→ **EXERCISE AIM**: In the material below, find the line with "Two young boys" and the line with "According to Solly", then output both and every line between them exactly, omitting pictures.

PROVIDED DATA: Begin

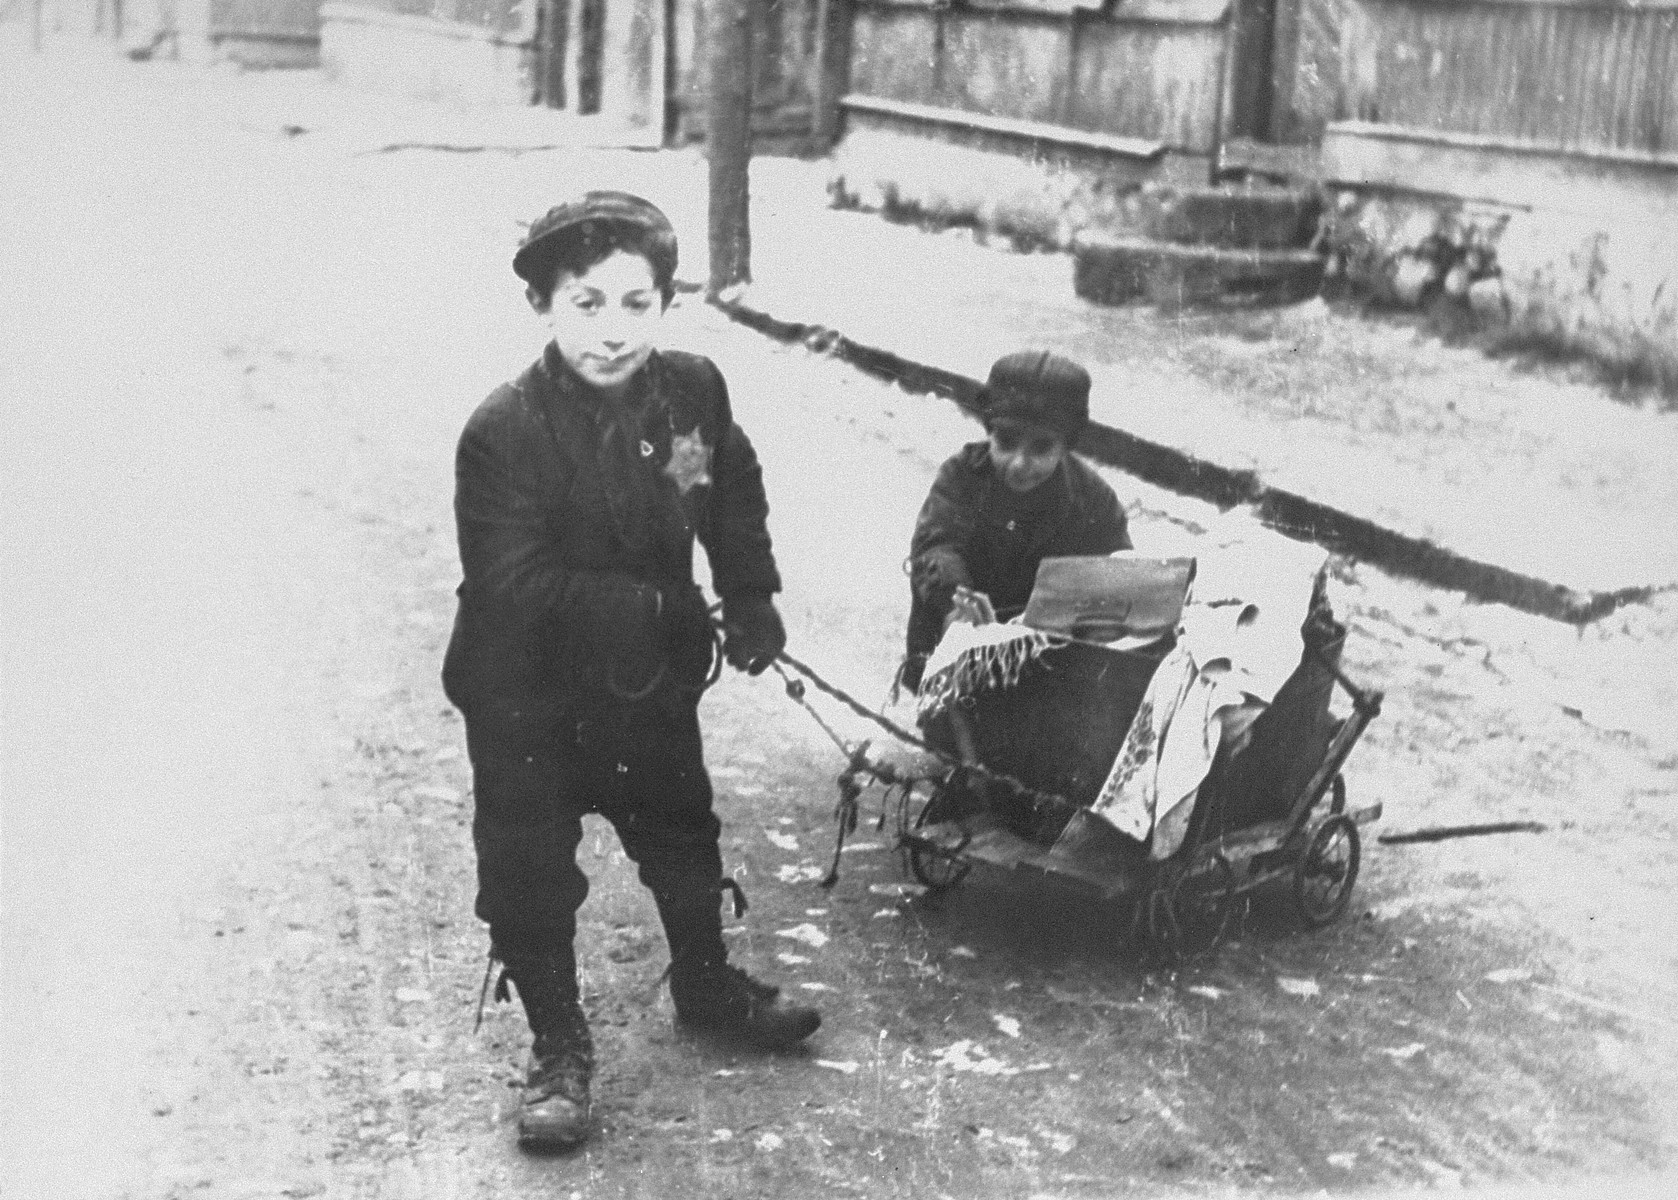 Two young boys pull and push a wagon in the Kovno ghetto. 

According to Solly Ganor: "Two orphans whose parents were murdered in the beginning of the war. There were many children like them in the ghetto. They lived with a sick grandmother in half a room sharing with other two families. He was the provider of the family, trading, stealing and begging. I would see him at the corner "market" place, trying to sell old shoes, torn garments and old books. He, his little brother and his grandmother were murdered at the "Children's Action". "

PROVIDED DATA: End
PROVIDED DATA: Begin

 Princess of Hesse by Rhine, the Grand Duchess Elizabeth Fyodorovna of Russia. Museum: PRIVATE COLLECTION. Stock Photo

PROVIDED DATA: End

→ **SOLUTION TO THE PROBLEM**:
 Two young boys pull and push a wagon in the Kovno ghetto. 

According to Solly Ganor: "Two orphans whose parents were murdered in the beginning of the war. There were many children like them in the ghetto. They lived with a sick grandmother in half a room sharing with other two families. He was the provider of the family, trading, stealing and begging. I would see him at the corner "market" place, trying to sell old shoes, torn garments and old books. He, his little brother and his grandmother were murdered at the "Children's Action". "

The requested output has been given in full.